The three important aspects of accounts have been highlighted by the above definition.
1. Account as an Art & science. 2. Accounting is done for Business transaction. 3. Accounting is a synjj
Objectives of Accounting To keep systematic records: Accounting is done to keep a systematic record of financial transactions. In the absence of accounting there would have been terrific burden on human memory which in most cases would have been impossible to bear.
To protect business properties: Accounting provides protection to business properties from unjustified and unwarranted us. This is possible on account of accounting supplying the information to the manager or the proprietor.
To ascertain the operational profit or loss: Accounting helps is ascertaining the net profit earned or loss suffered on account of carrying the business. This is done by keeping a proper record of revenues and expenses of a particular period. The profit and loss account is prepared at the end of a period and if the amount of revenue for the period is more than the expenditure incurred in earning that revenue, there is said to be a profit. In case the expenditure exceeds the revenue, there is said to be a loss.
To ascertain the financial position of business: The profit and loss account gives the amount of profit or loss made by the business during a particular period. However, it is not enough. The businessman must know about his financial position i.e., where he stands; what he owes and what he owns? This objective is served by the balance sheet or position statement.
To facilitate rational decision making: Accounting these days has taken upon itself the task of collection, analysis and reporting of information at the required points of time to the required levels of authority in order to facilitate rational decision making. Advantages The following are the advantages of accounting to a business: i) It helps in having complete record of business transactions. ii) It gives information about the profit or loss made by the business at the close of a year and its financial conditions. The basic function of accounting is to supply meaningful information about the financial activities of the business to the owners and the managers. iii) It provides useful information form making economic decisions, iv) It facilitates comparative study of current years profit, sales, expenses etc., with those of the previous years. v) It supplies information useful in judging the managements ability to utilise enterprise resources effectively in achieving primary enterprise goals. vi) It provides users with factual and interpretive information about transactions and other events which are useful for predicting, comparing and evaluation the enterprises earning power.
Limitations of Accounting i) Accounting is historical in nature: It does not reflect the current financial position or worth of a business. ii) Transactions of non-monetary mature do not find place in accounting.
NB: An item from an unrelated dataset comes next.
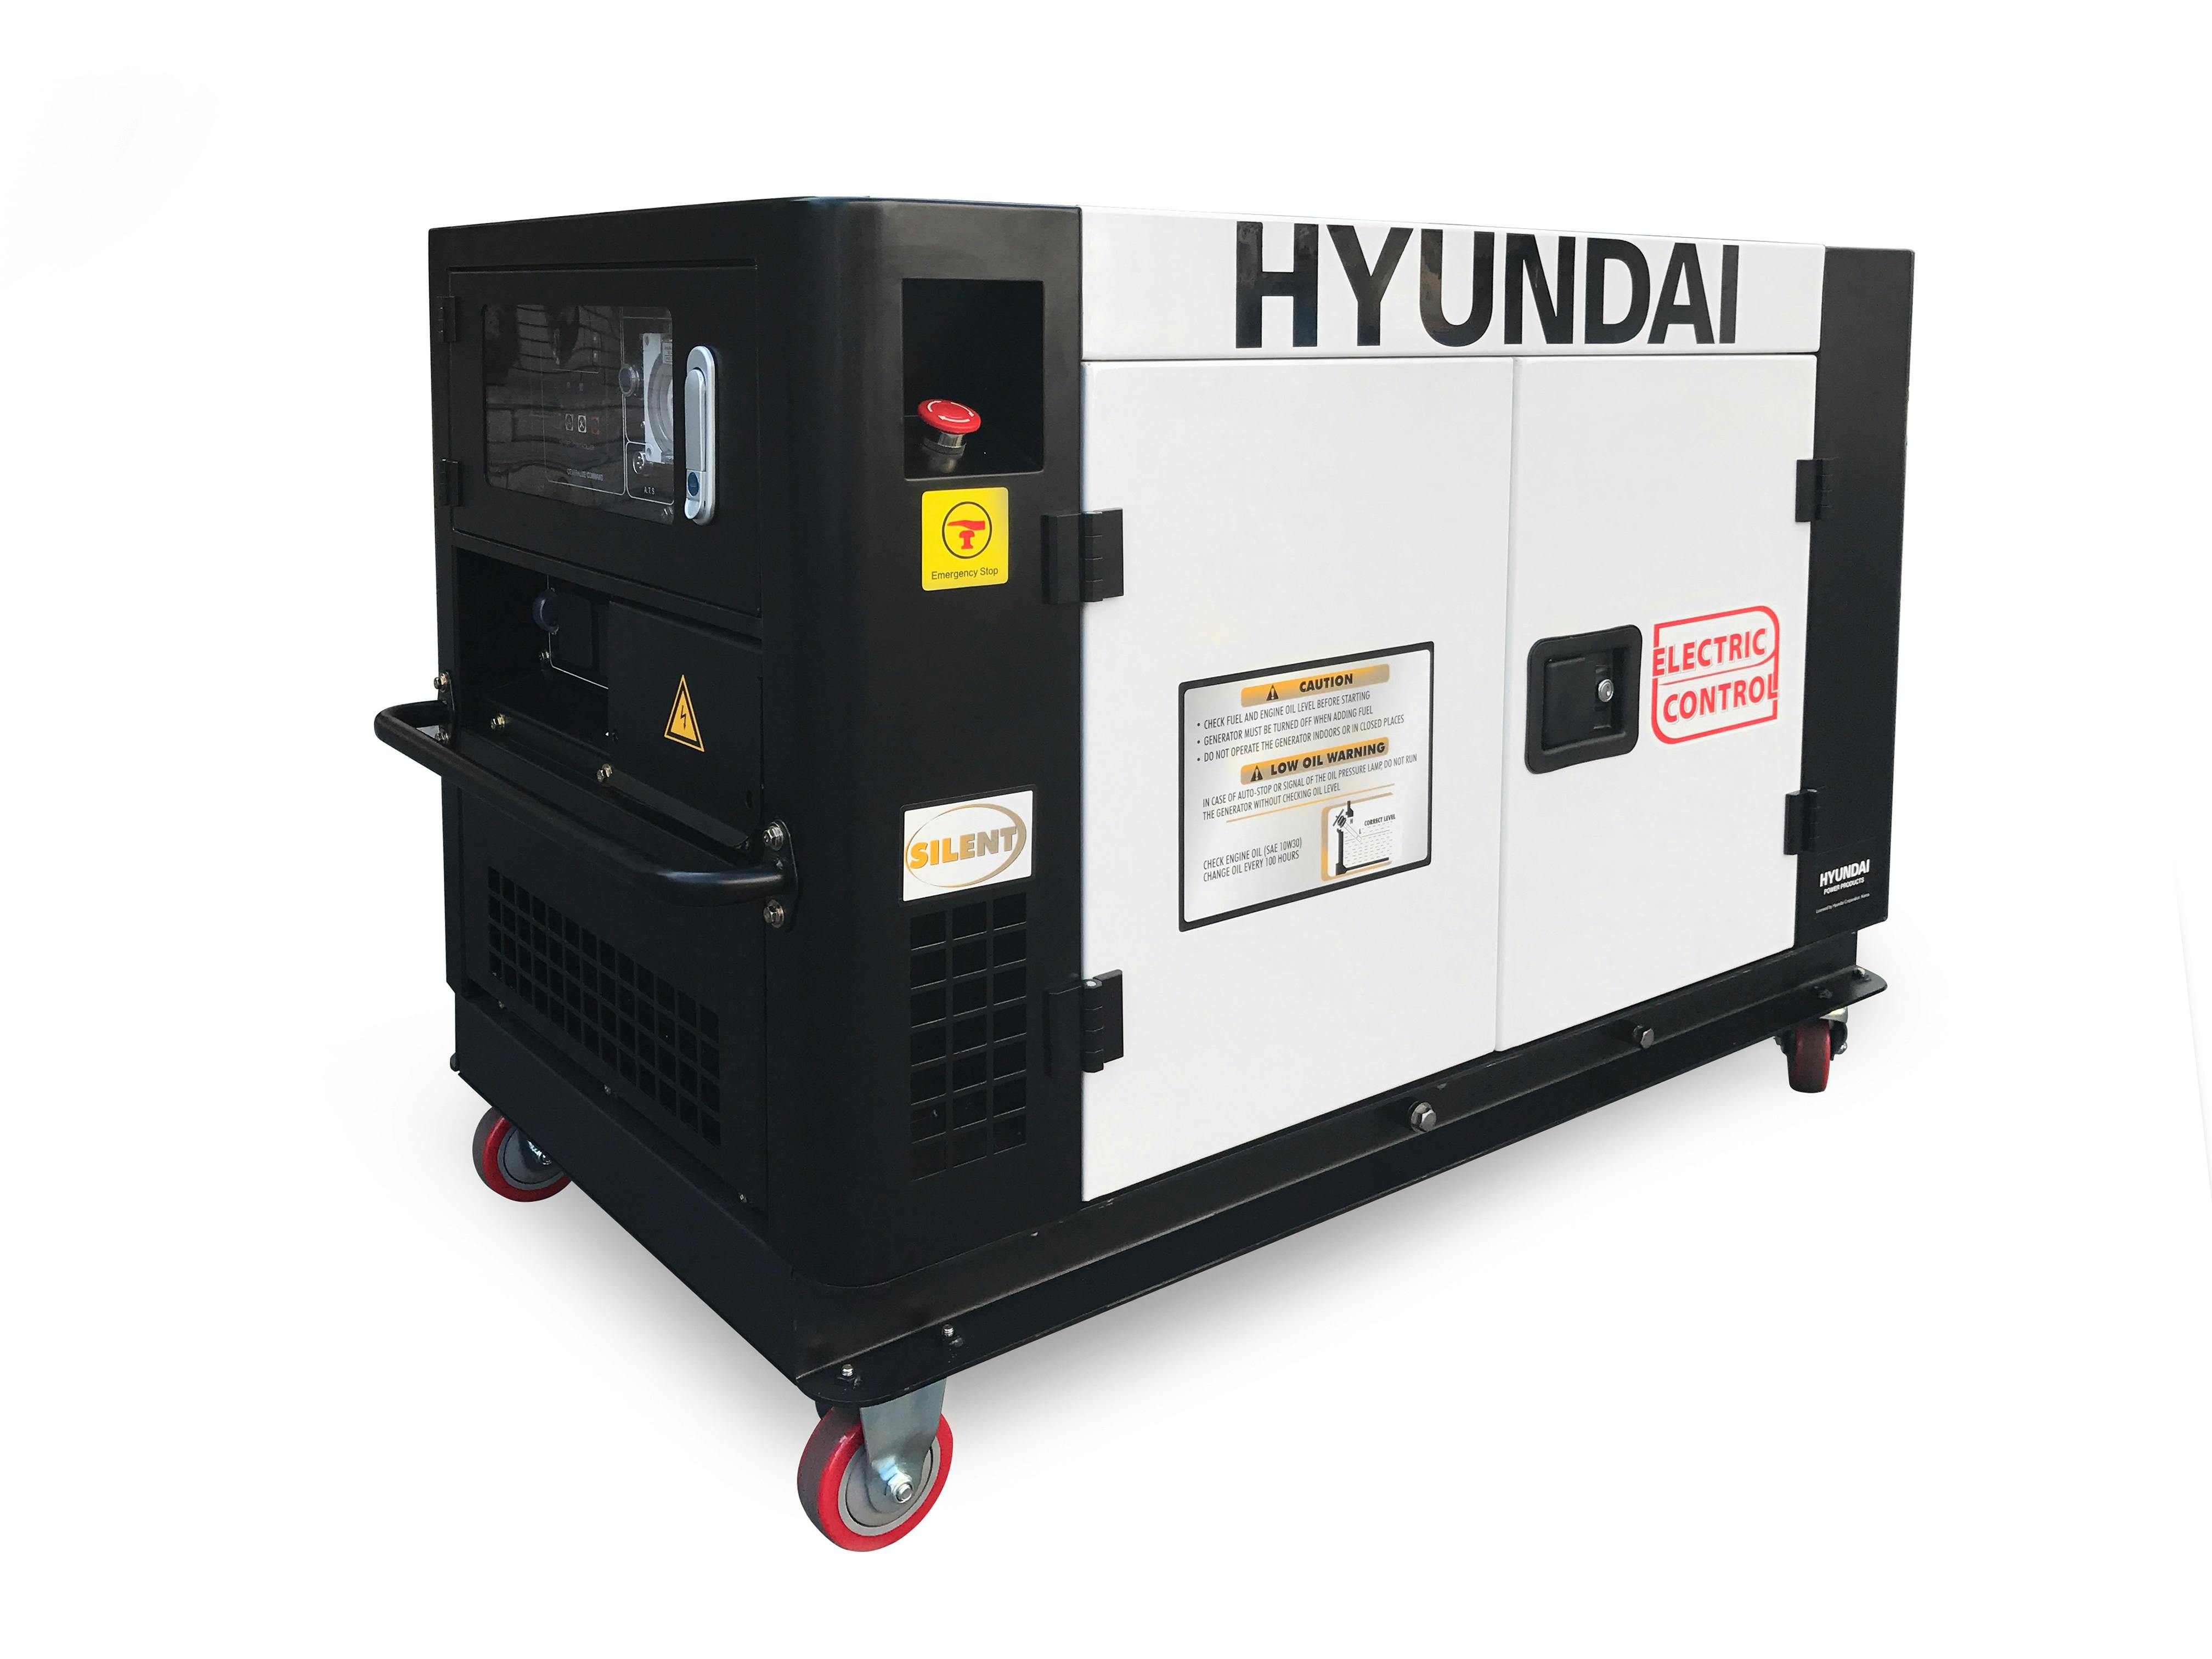 venlige bagværk hellig Hyundai Diesel Silent Generator 9500W 3 Phase - Diesel - Traditional -  Generators - Tools & Hardware at Trade Tested

Accounting is limited to monetary transactions only. It excludes qualitative elements like management, reputation, employee morale, labour strike etc. iii) Facts recorded in financial statements are greatly influenced by accounting conventions and personal judgements of the Accountant or Management. Valuation of inventory, provision for doubtful debts and assumption about useful life of an asset may, therefore, differ from one business house to another. iv) Accounting principles are not static or unchanging-alternative accounting procedures are often equally acceptable. Therefore, accounting statements do not always present comparable data v) Cost concept is found in accounting. Price changes are not considered. Money value is bound to change often from time to time. This is a strong limitation of accounting. vi) Accounting statements do not show the impact of inflation. vii) The accounting statements do not reflect those increase in net asset values that are not considered realized.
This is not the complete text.